Tale contestazione dell'Agenzia delle Entrate non può essere allora certamente condivisa nella misura in cui una partecipazione ad una società semplice determinasse l’attribuzione al socio-contribuente forfetario non solo di un reddito fondiario, ma anche di capitale o diverso nonché, a parere di chi scrive, anche di un reddito esiguo e banale.

Infatti, come già precisato dalla ris. Agenzia delle Entrate n. 146/2009, anche con riferimento all’analoga causa ostativa prevista nel regime dei contribuenti minimi ex L. 244/2007 (poi regime di vantaggio ex DL 98/2011), per l’Amministrazione finanziaria la ratio della causa di esclusione in argomento è sicuramente quella di evitare che redditi appartenenti alla medesima categoria, d’impresa o di lavoro autonomo, siano assoggettati a due regimi di tassazione differenti.
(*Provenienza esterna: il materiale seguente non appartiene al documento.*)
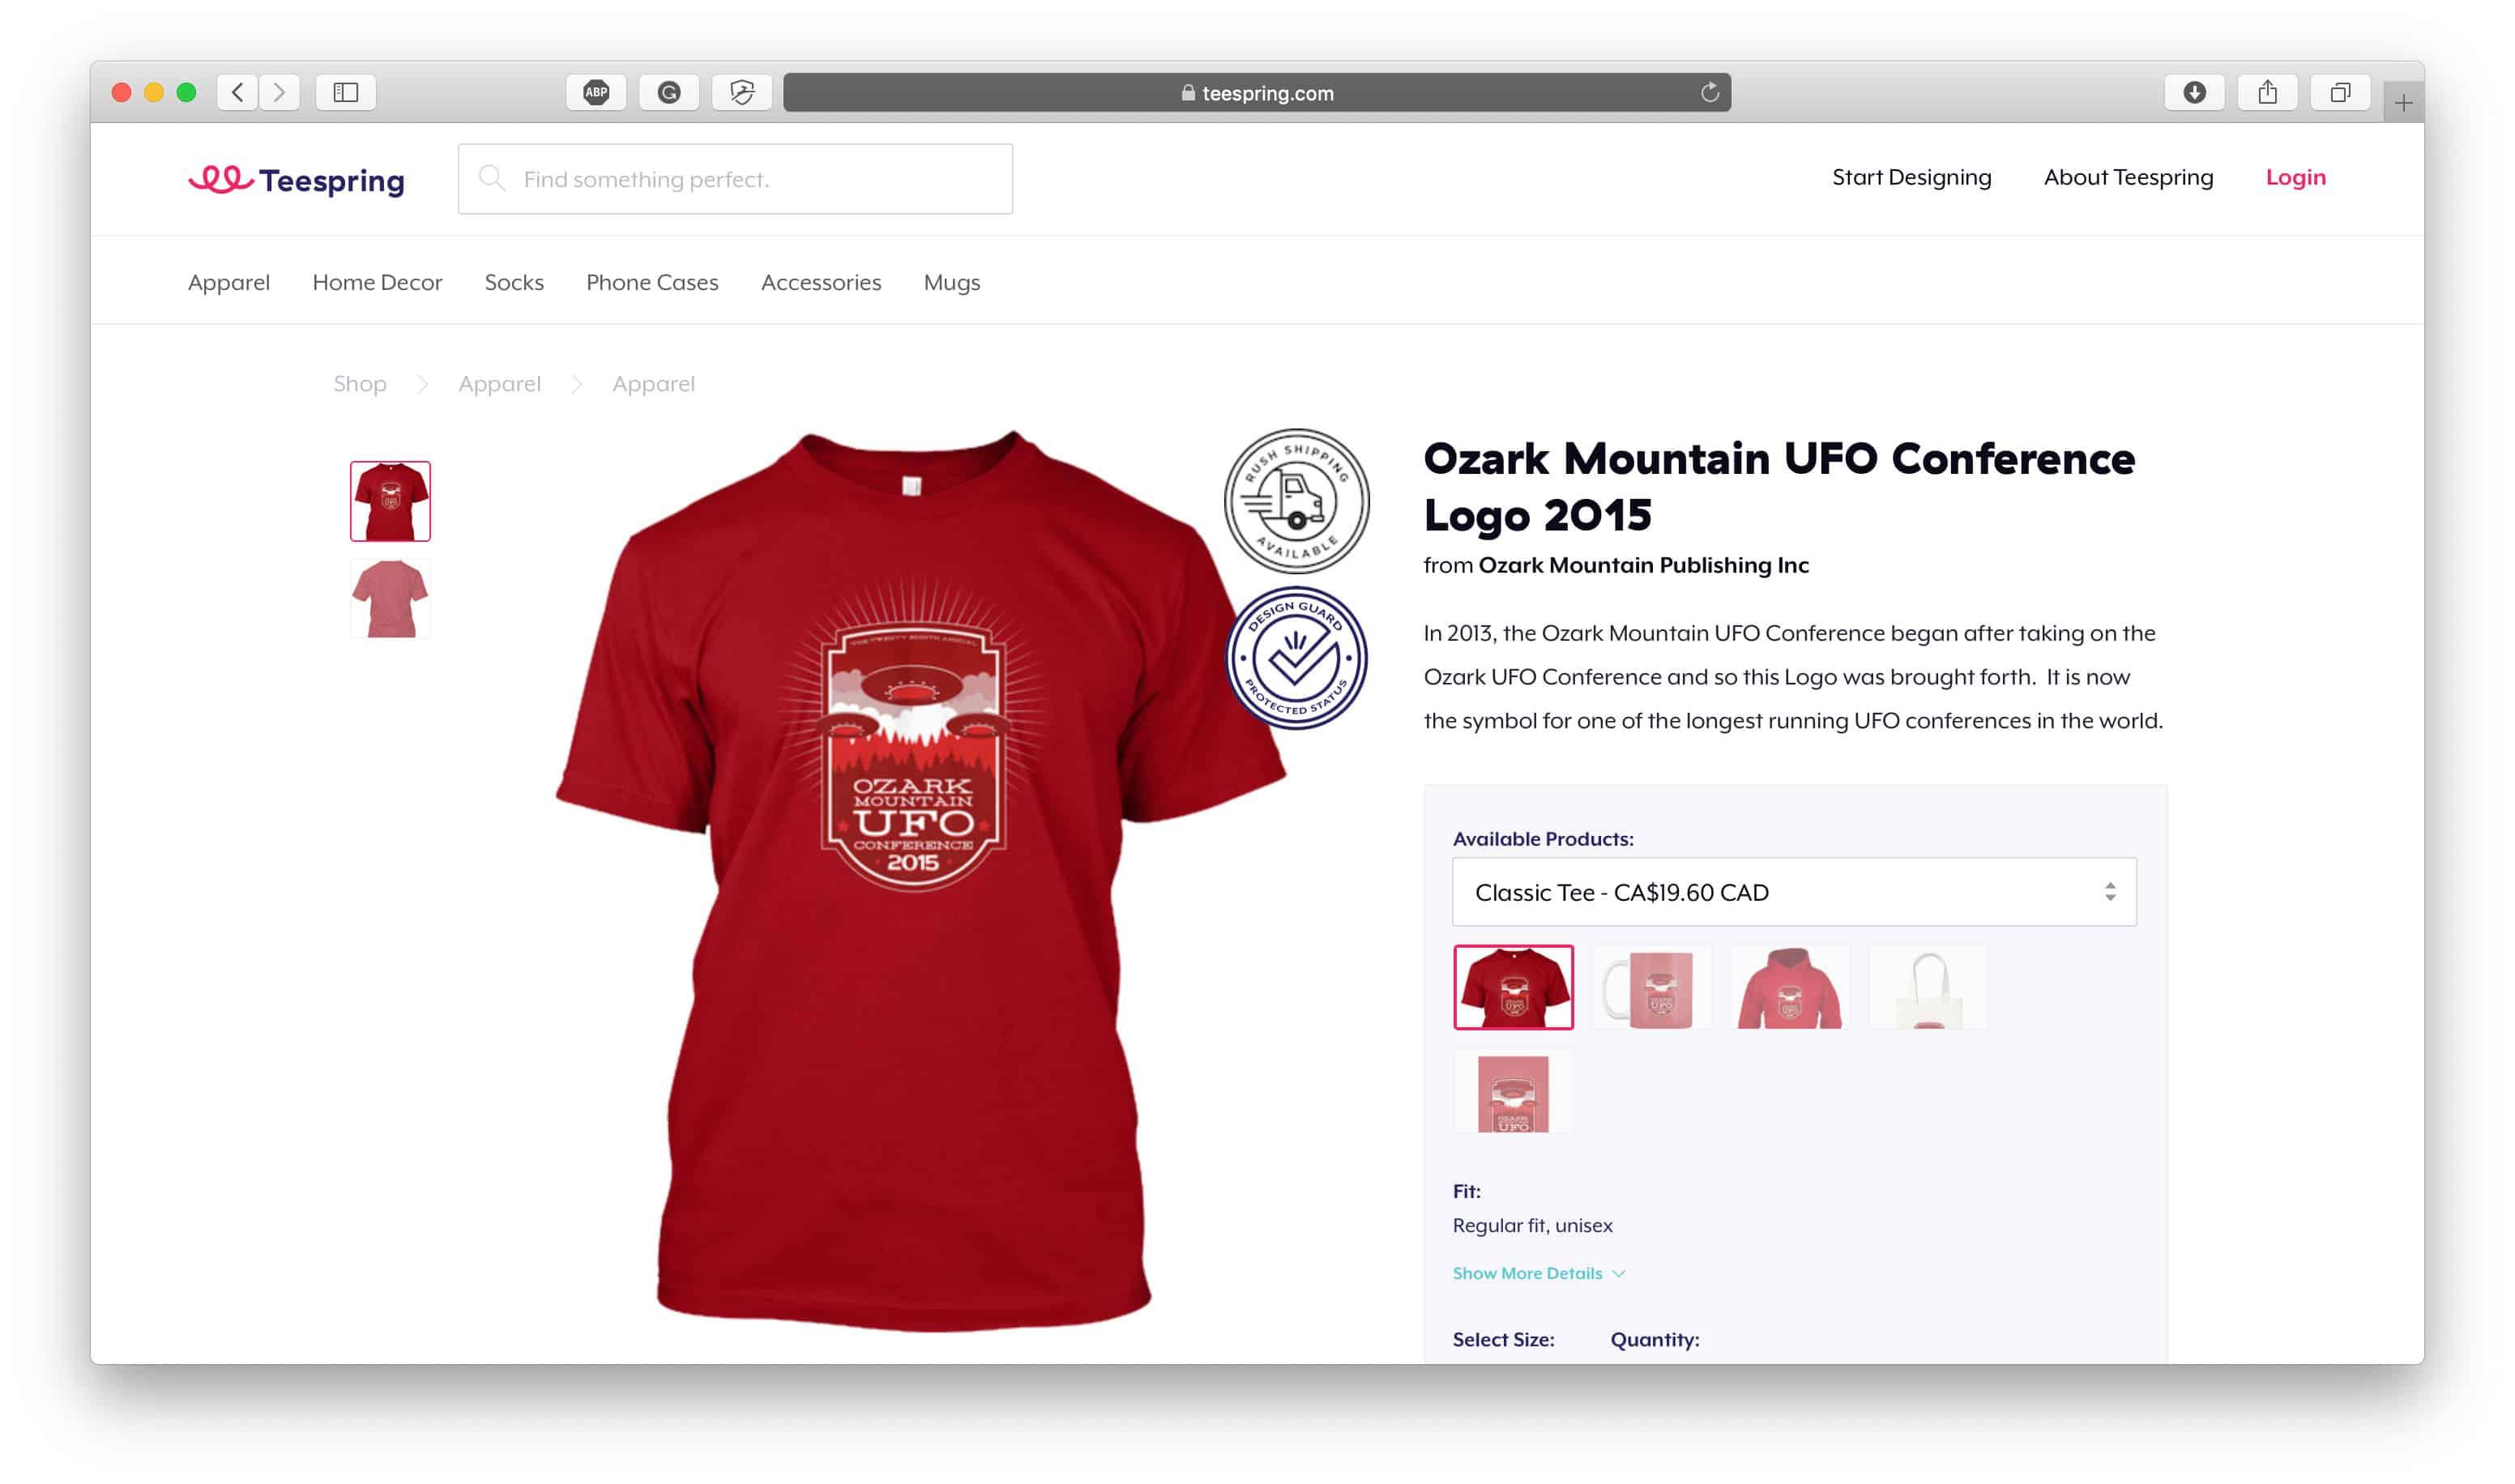 Branded T-Shirt Designs

Sebbene allora la finalità della causa di esclusione punti genericamente ad evitare che redditi conseguiti nello stesso periodo d'imposta e imputabili al medesimo contribuente siano assoggettati a due diversi regimi di tassazione, non può però sfuggire che l’autentica ratio della norma possa essere invece meglio ravvisata nell’introduzione di una causa ostativa che intende rispondere soprattutto alla finalità “di evitare artificiosi frazionamenti delle attività d’impresa o di lavoro autonomo svolte” e non già solo ad evitare che nel medesimo anno in cui è applicato il regime di favore non siano contemporaneamente compilati i quadri LM e RH della dichiarazione dei redditi.

Qualora, allora, detta autentica ratio venisse elusa ben potrebbero generarsi casi in cui la contestazione di decadenza da regimi di fiscalità forfetaria e/o di vantaggio, più che un aggravamento dell'obbligo impositivo andrebbe a costituire una vera e propria sanzione impropria e sproporzionata nei confronti di soggetti che non avevano certamente alcuna volontà di aggirare le condizioni prescritte dalla legge vale a dire quelle, nell'assumere una posizione di socio di società semplice, di generare artificiosi frazionamenti delle attività d’impresa o di lavoro autonomo svolte.

Si pensi, allora, ad un contribuente in regime di vantaggio e socio di una società semplice amministratrice statica di società fiduciarie al quale, in un medesimo periodo di imposta (ad es. il 2017), fosse pervenuta un’imputazione reddituale per trasparenza, correlata alla percezione di dividendi da tale società (priva di partita iva e con mero codice fiscale). Redditi, peraltro, alquanto esigui e dichiarati al quadro RH quali redditi di partecipazione.

In una posizione fiscale come quella prospettata,  qualora l’Amministrazione finanziaria proponesse una contestazione del regime agevolato incontrerebbe i limiti non solo dell'illegittimità ma anche dell’irragionevolezza, andando infatti a colpire un contribuente minore tramite una declaratoria di decadenza dall’agevolazione fiscale derivante non solo dall'abbaglio di aver qualificato reddito di impresa o di lavoro autonomo quello che invece è un reddito di capitale, ma anche da un’’applicazione di una causa ostativa azionata in maniera contraria allo stesso spirito della legge.